Hello, dear friend, you can consult us at any time if you have any questions, add WeChat: daixieit

CSE 509

Homework 2

Multi-resolution Image Decompositions

Submit MATLAB/other source code, which when run displays the required outputs andyour analysis and comments in a reportproperlyformatted in MS Word and submitted in PDFfile. You can choose the input imagesfrom the ones provided infolder HW2_images.

1 - Gaussian Pyramid (Filtering, Decimation) [40pt]:

Using image calendar.jpg in folder multires, do the following:

a)   Crop the image so that the length and width are powers of 2, extract the gray level image for the following steps.

b)  Define a 5x5 circularly symmetric Gaussian filter and use it to construct a 3-level Gaussian pyramid.  To construct the pyramid, you need to filter the given image by the Gaussian filter. Then, using function imresize(), apply 2x2 subsampling (i.e. downscale by 0.5) in both horizontal and vertical directions to form the second level of the pyramid. Repeat the process to form the third level.

c)  Do the same by using a 7x7 box-car filter, i.e. (1/49) * ones (7,7).  Look at the outputs of each level and explain which one is better and why?

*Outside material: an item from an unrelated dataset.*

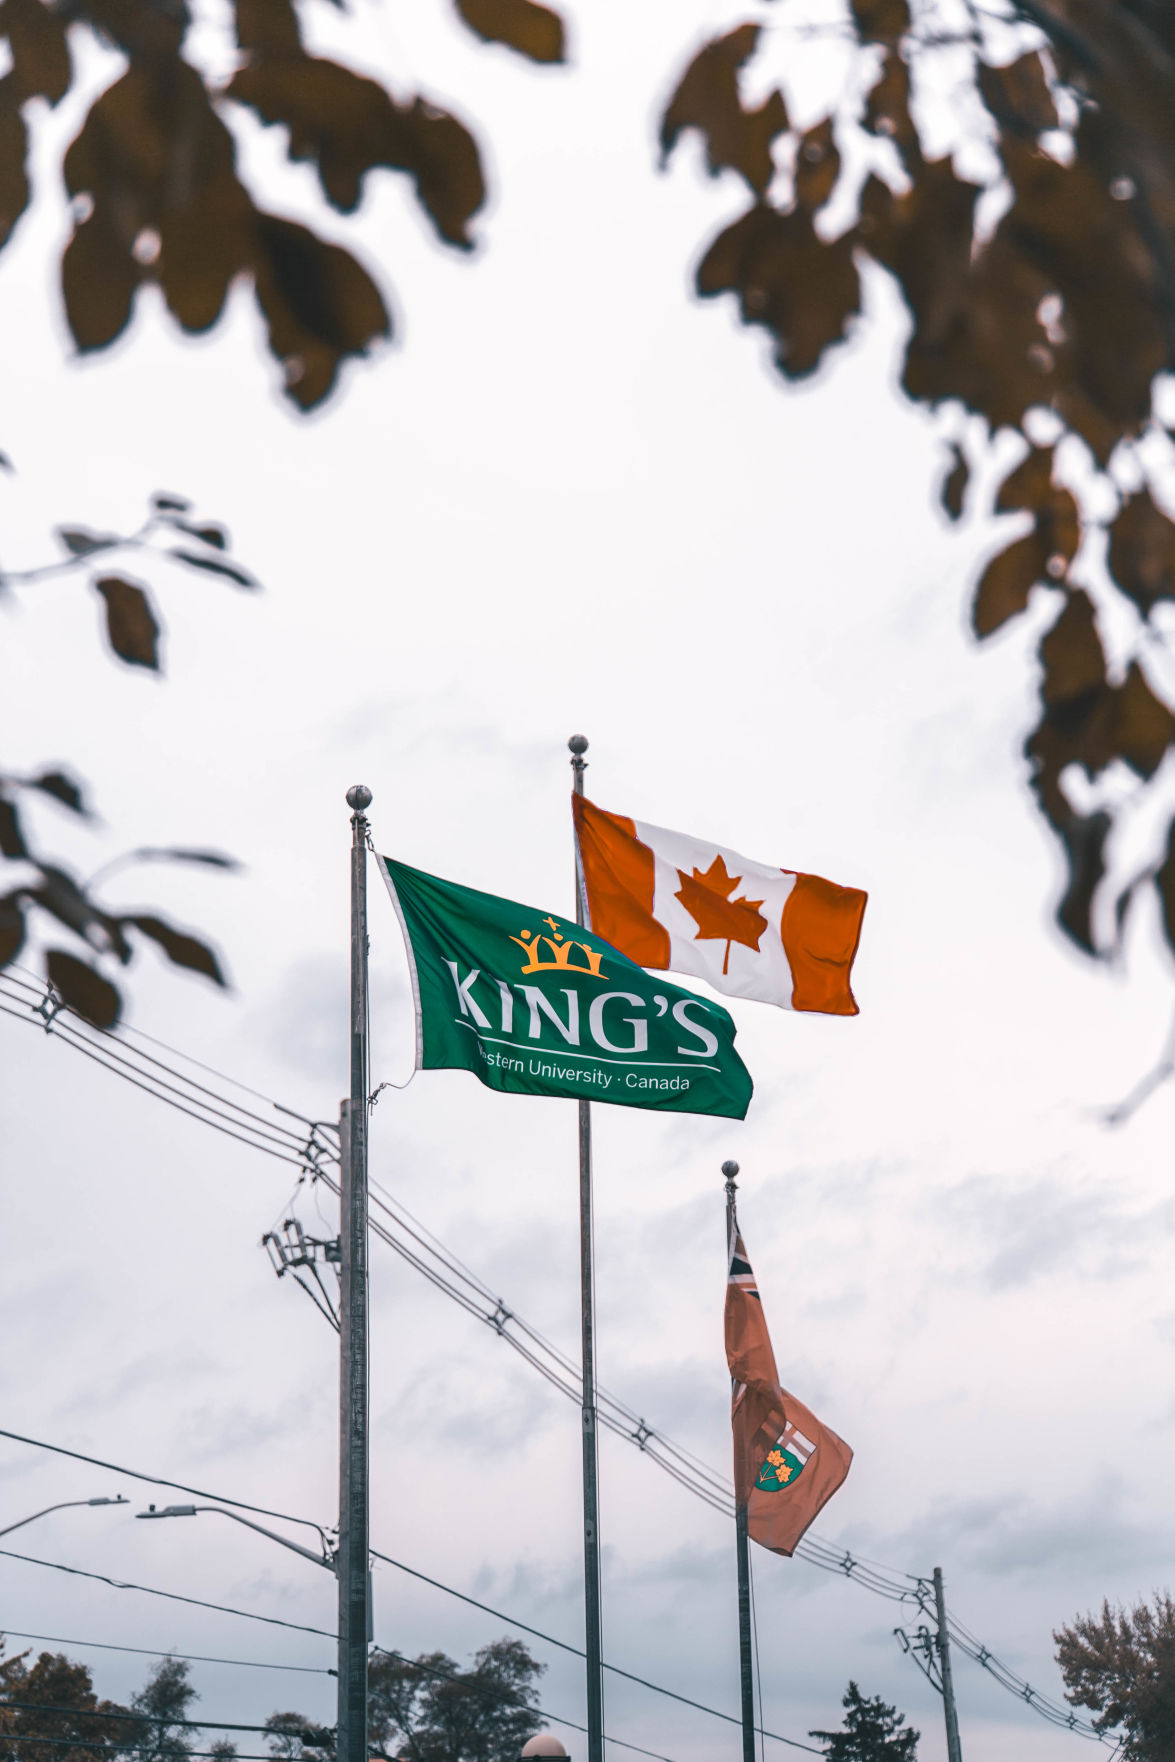 King' University College (Photo 2)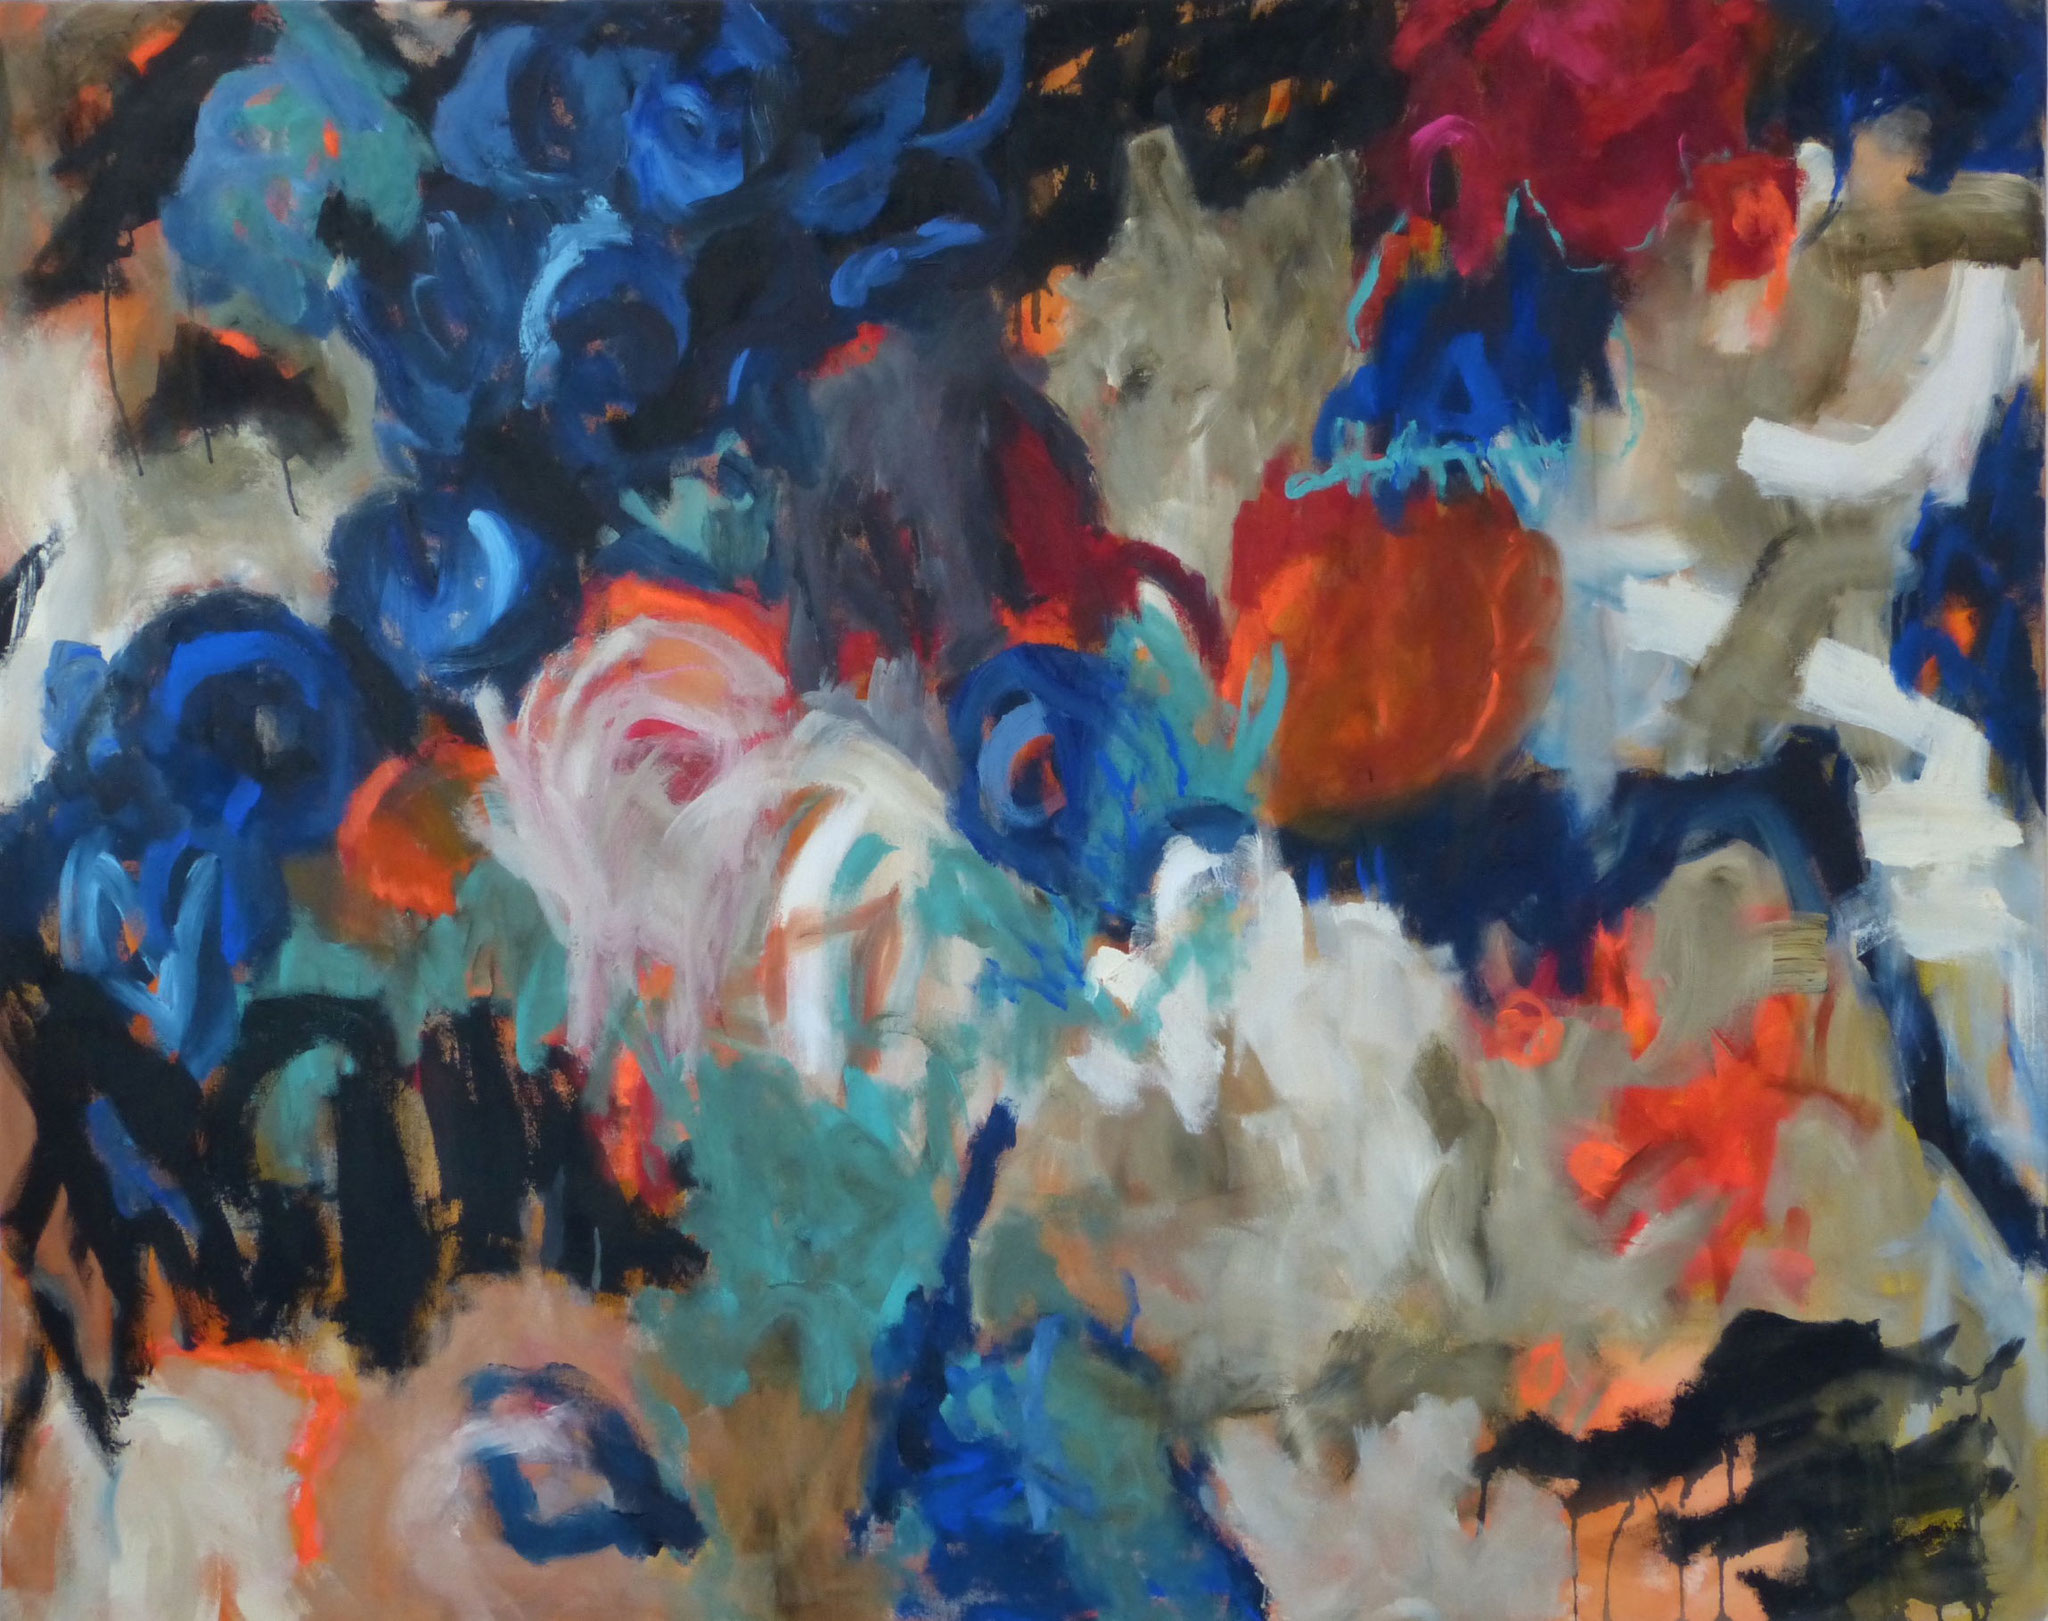 Furioso, Acryl auf Leinwand, 120x150cm, 2018

2 - Laplacian Pyramid (Image Differencing)[30pt]:

 

In order to construct a Laplacian pyramid, we simply take the difference between the Gaussian filtered image and the unfiltered image in the same level of Gaussian pyramid to form difference images h0, h1, h2  at each level as shown in the Figure above. Thus, a 4-level Laplacian pyramid consists  of  one  low  resolution  picture  and  three  successively  larger  difference  images,  i.e.,  h0 , h1 , h2 , f 3 }.

Recover the full-resolution image by adding the difference images to the interpolated images at each level successively. Include the two images, original and reconstructed image in your report.

Using the image couple.jpg in folder bilateral and filter using Matlab’s imbilatfilt() carry out the following:

•   Read the image and convert it to double precision gray level with values normalized to 0.0 to 1.0

•   Filter the gray level image using the default values for arguments degreeOfSmoothing and   spatialSigma. Read the Matlab help for imbilatfilt to learn the details, and to learn how to     change those parameters. Use imshow() to display the filtered image, and inspect the results.

•   Recover the filtered RGB image:

o Convert the original RGB image to Ycbcr (use rgb2ycbcr(), and replace the Y         component with the filtered gray level image. Be careful to convert the filtered gray level back to uint8 with max value 255, before replacing.

o Display the filtered RGB image and describe the results

•   Improve the filtered RGB image: since you figured out the default parameters, now go        ahead and experiment making changes to them (increase the param values up/down one at a time and together) to modify the result observed in the gray level using default params.       When you get a result that you think is better (e.g. more noise reduction and/or better           edges), do as before to put the improved gray level image back into the original RGB and

see the improvement in RGB. Compare the original RGB, the default bilateral filtered RGB, and the improved RGB using your parameters.

What to submit

1.   Matlab/Python code: Your code must run to display the required output images

2.   Your PDF report must include snapshots of the images and your answers, observations, and comments as required for each question

HINTS:

•   Review the theory of multiscale representations and bilateral filter before doing the work.    See alsohttps://medium.com/jun94-devpblog/cv-4-multi-scale-representation-gaussian-and- laplacian-pyramid-527ca4c4831cfor further information.

•   When done, try out with the other images provided, so you can improve your knowledge of the subject.